Thomas was lower on the tree than I was and couldn’t see, but after the bird took three more steps, his finger was searching for the trigger.
“Yeah, yeah, got him,” he said.
When the bird took another step he was 22 steps from that barrel of that 1100.
“You on ’im?” I asked
Hallelujah! After three missed gobblers, Thomas had just put the smack-down on his first-ever gobbler. If there was another adult/child pair hunting within a mile of us around 7 a.m. that morning, I’m deeply sorry, but hollering all the way to that flopping bird just felt right.
Thomas and I sat there talking about what a blessing this bird was, how lucky we were to have finally killed a turkey. This bird had a broken spur on one side, but his other was long and sharp and would later measure 1 1/4-inches long. The tom’s beard would measure 11 3/4 inches.

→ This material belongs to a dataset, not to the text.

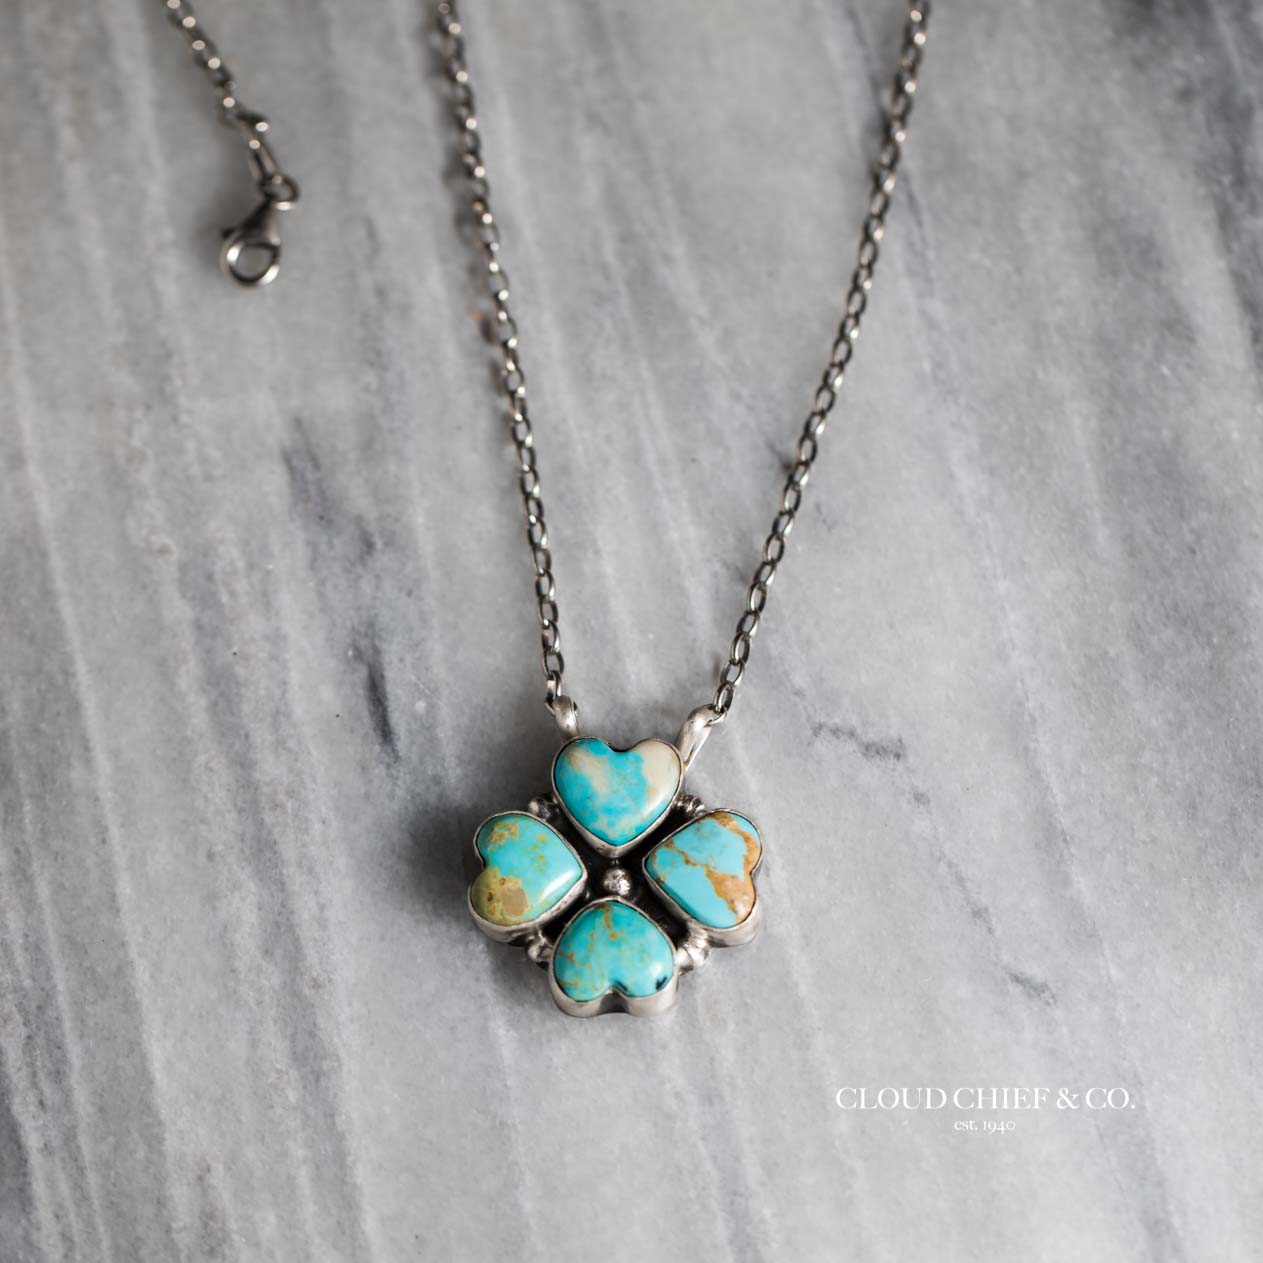 Buy Niscka Fancy Turquoise Stone Pendant Necklace Online

This bird was not only a young man’s first, but it was a trophy-class gobbler.
That longbeard was heavy, too.
“You know how to carry him?” I asked.
“Yeah, I’ve seen it on TV.”
We started the mile trek back to my Toyota, both of us grinning ear to ear, talking about how awesome the morning had been.

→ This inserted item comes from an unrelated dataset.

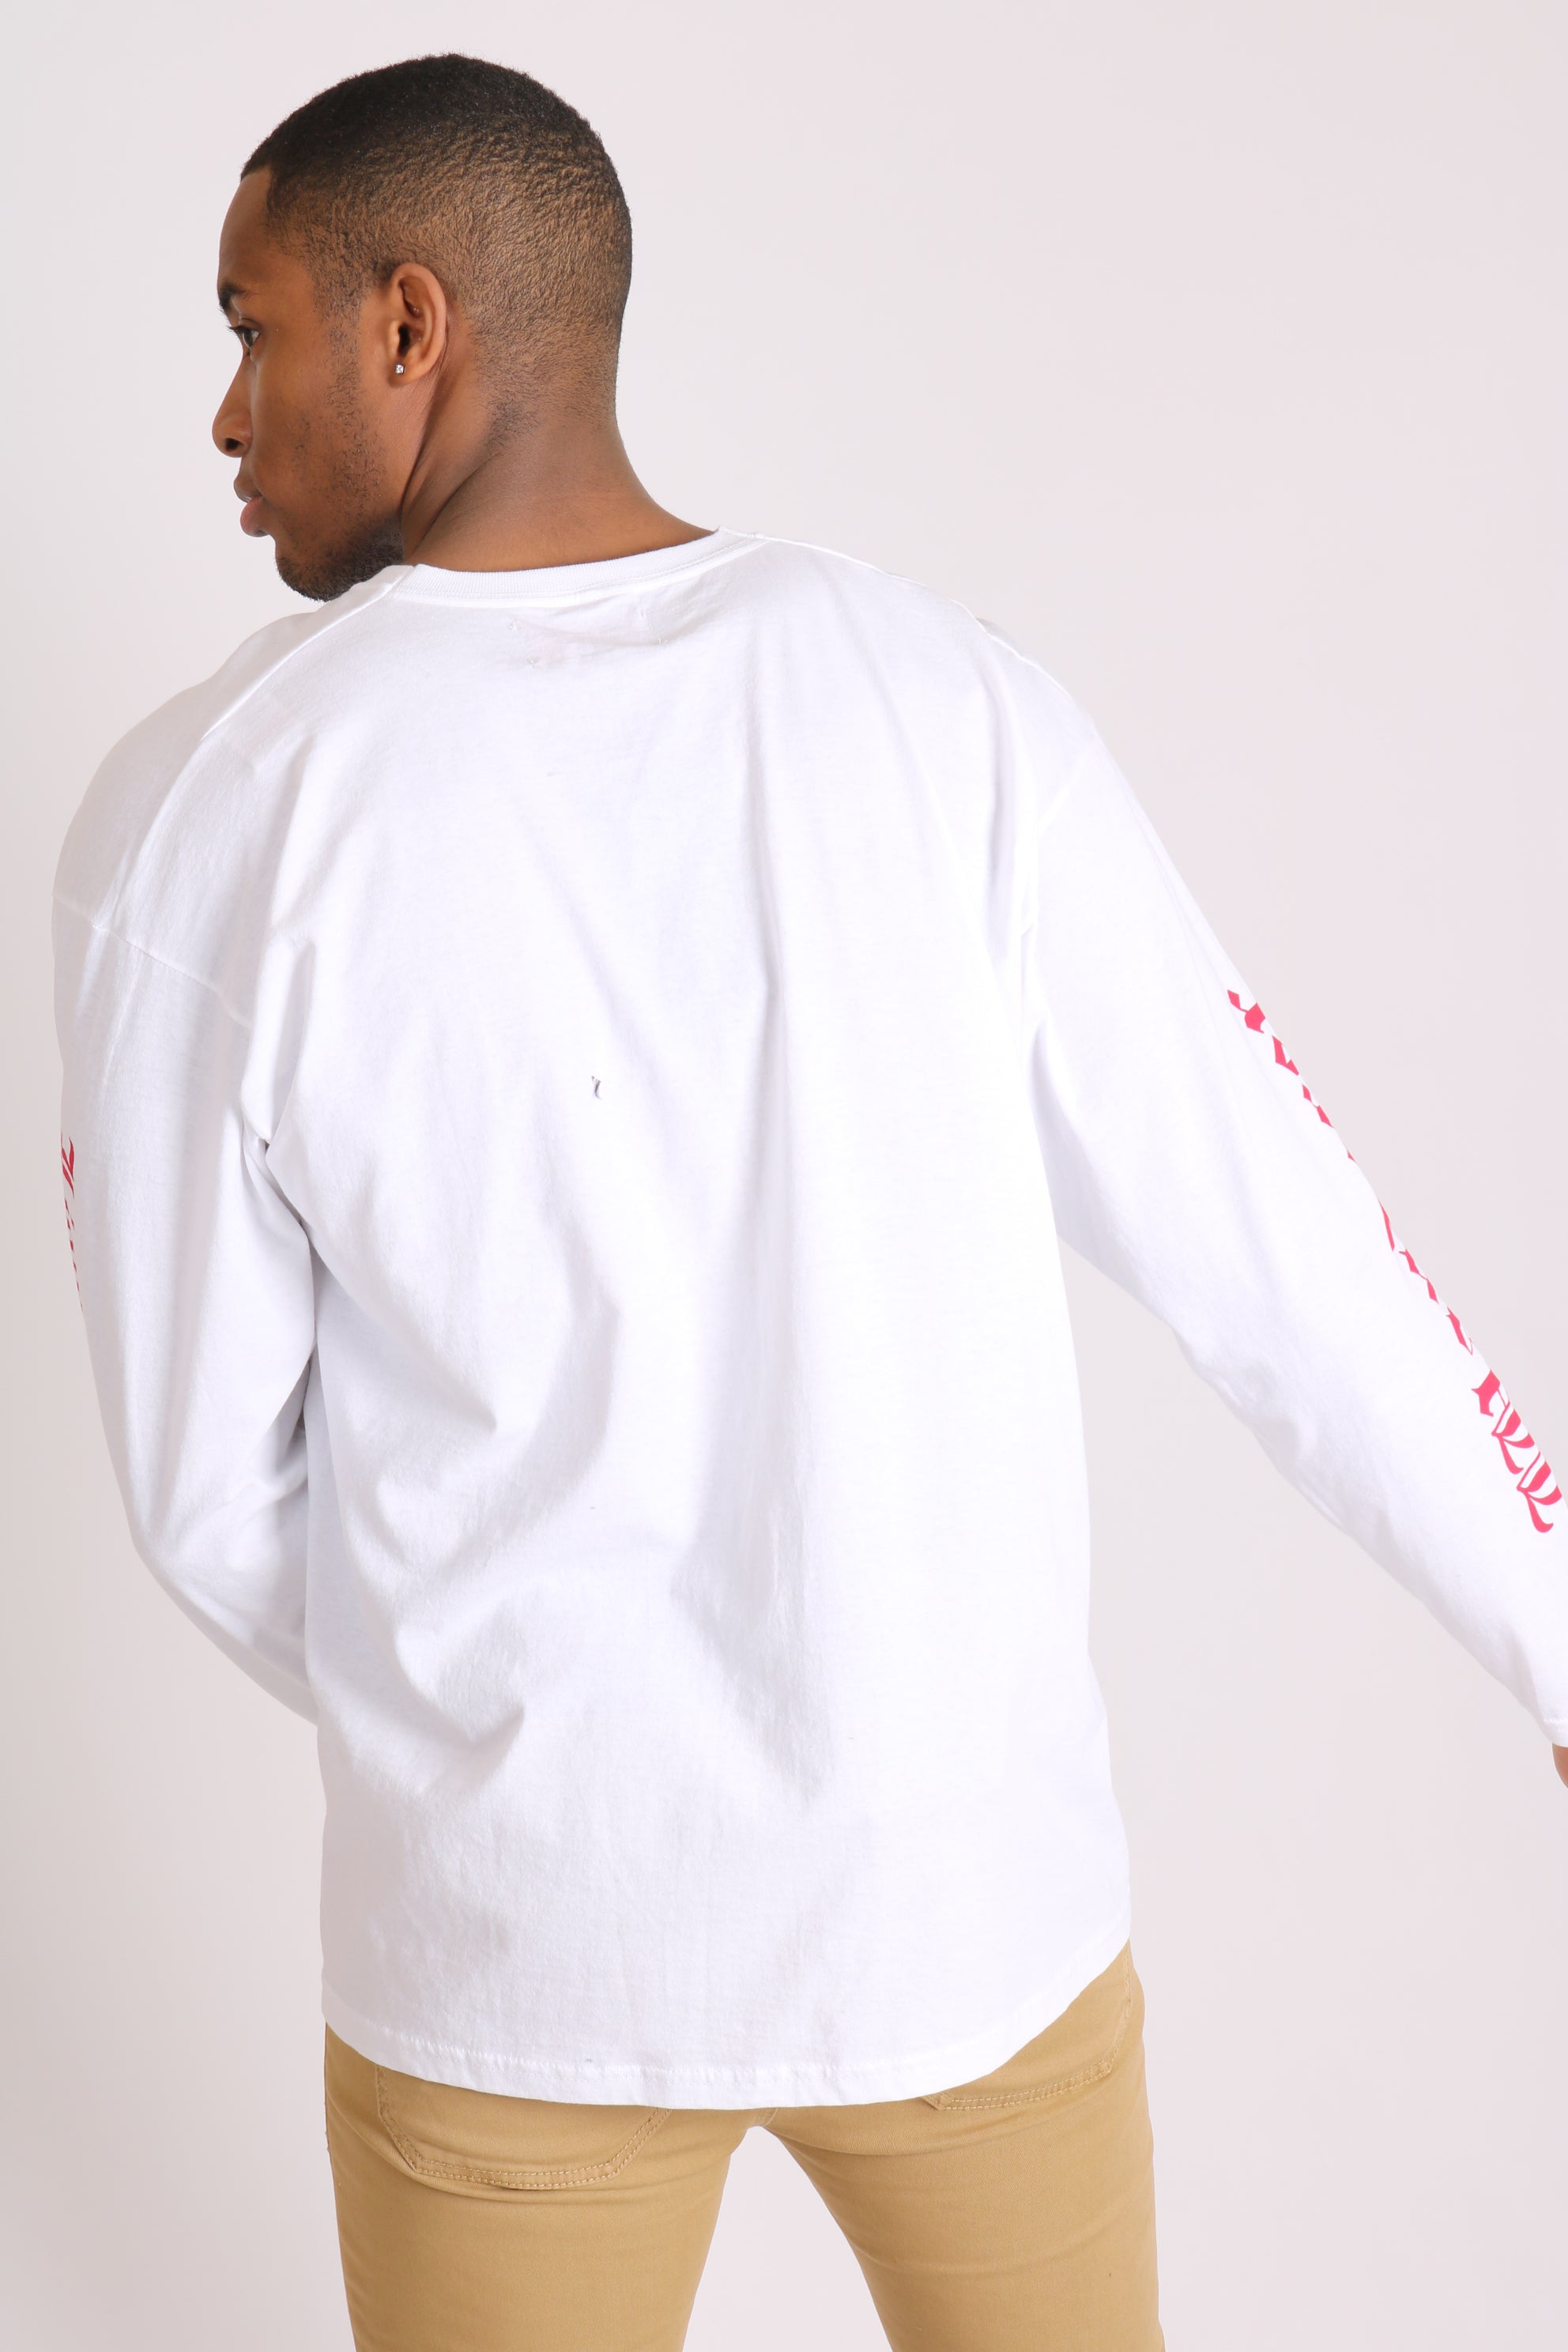 Safari Printed White Long Sleeve Top

“I better be in church tomorrow,” Thomas said.
“Yeah, both of us better be.”
Five minutes later Thomas needed a break from toting the heavy tom.
“I got to hit this call,” I told him.
Using my box, I hit some loud cutts, and a bird gobbled back 80 yards away across a pretty wide slough.

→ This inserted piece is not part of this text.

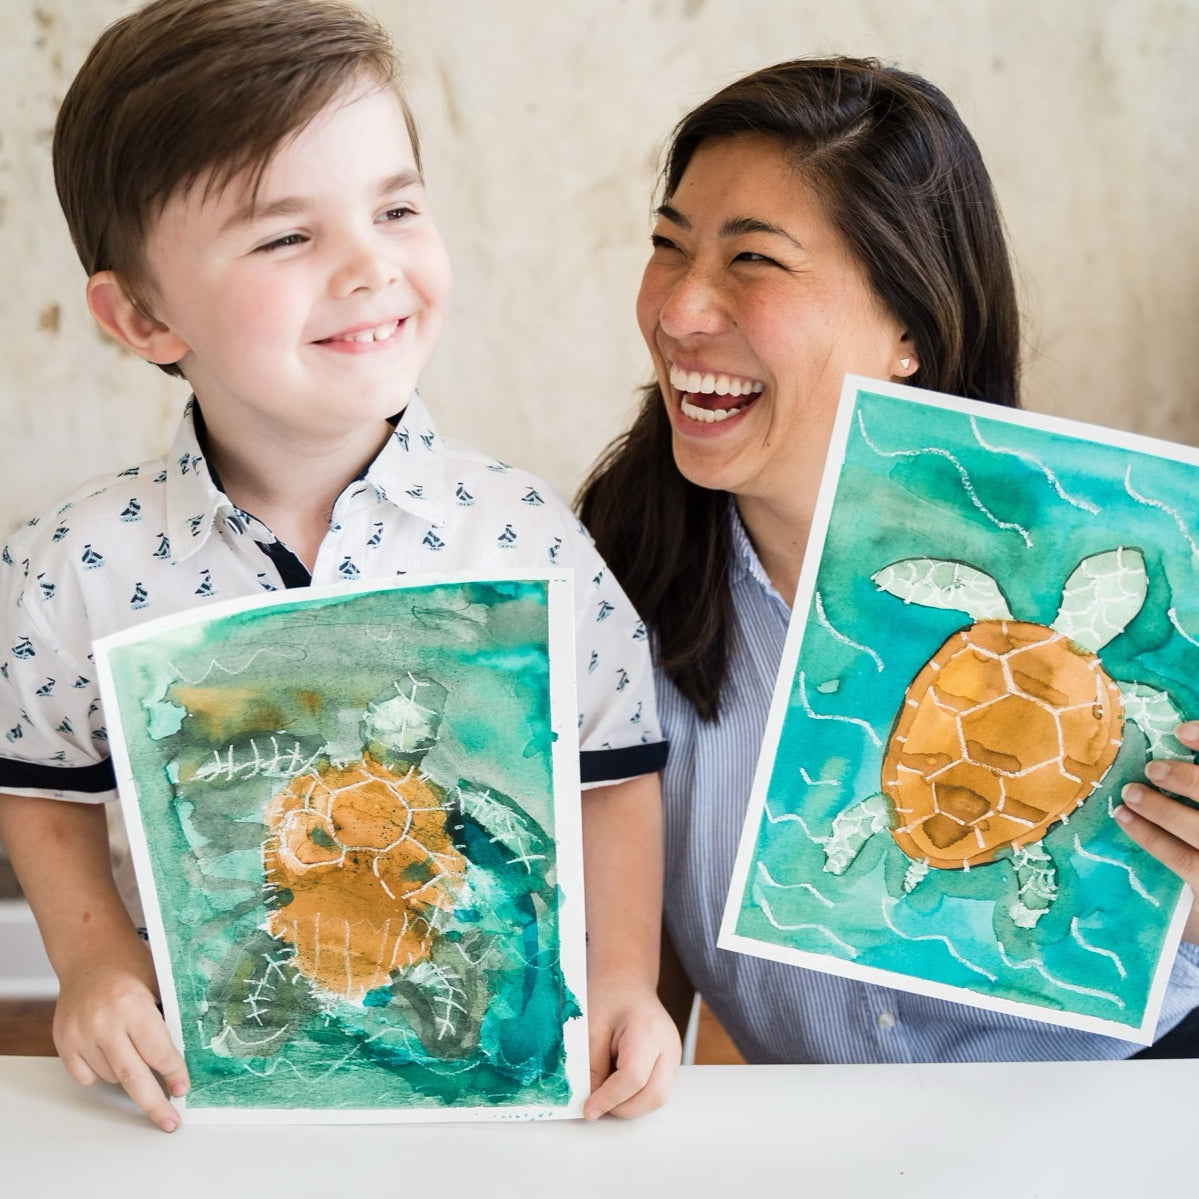 Three Kids Art Projects to Beat the Summer Slump– Let's Make Art

“We’ve got to try him,” I said.
We set up at the edge of the slough in hopes he would come to the water’s edge and give us about a 30-yard shot.
Two minutes went by in silence, and I would have bet my wallet we spooked that bird. For grins, I hit another loud cut on the box — nothing.
“I bet we spooked him,” I said.
I barely got the words out of my mouth. About 100-yards away at the top of the slough I saw three birds with red heads rounding the bend. After some quick repositioning, Thomas and his new favorite shotgun were pointed toward the incoming turkeys. This flock of gobblers was in a steady walk, wasting no time getting to the aggressive-sounding hen. The second gobbler in line strutted for just a second when he got into range.
“That’s the one I want,” Thomas said. “Do it.”
BOOM. The bird folded.
After missing three birds, Thomas Holcombe was headed back to Franklin County with a pair of dead gobblers. I heard through the rumor mill that Thomas was still telling tall tales around the Royston area about his hunt in Thomas County. Heck, I’ve been sharing a few myself.
River Creek WMA is the very best piece of turkey-hunting property that I’ve ever hunted. Only three of the five adult/child pairs hunted, and three birds were checked out. Cody Weaver, 11, of Pavo killed his first turkey, too.
In two days and one morning of hunting, I called in 13 longbeards inside 40 yards, heard 22 gobblers and saw 19 longbeards. I’ve never been around so many turkeys in all my life.
Publishing turkey-hunting stats like those above probably means I won’t get to see this place again for a long time. However, we printed it because we love for kids to go hunting. I’d like every kid to have the same chance to experience what we did at River Creek WMA.
The reality is that not every kid will get to go to River Creek WMA, at least not on a regular basis. For our hunt 25 pairs applied, and only five pairs were drawn. Rejection notices, with priority, were not mailed out for the hunt, so everyone has an equal chance at getting drawn next year.
River Creek also had a general turkey hunt after the adult/child hunt. With a quota of five, two guys showed up, and two dead birds were the result.
When I spoke with a WRD biologist about my hunt, he was pleased with our results and asked, “Should we up the quota?”
I’m all for hunter access, but it would be neat to have one place like this where a turkey hunter could go and experience what I classify as a once-in-a-lifetime turkey hunt — even if it’s only once every five, 10 or 20 years. It’s worth the wait!
And as far as a place to take kids, good gracious. From what I’ve witnessed in my 18 years of WMA turkey hunting, there is no better public place in this state to take a kid and expose them to turkey hunting than River Creek WMA.
Next February start putting in for this adult/child hunt. They’ll only draw five, so have yourself a back-up kid plan. Clybel, Rum Creek and B.F. Grant have adult/child turkey hunts, too.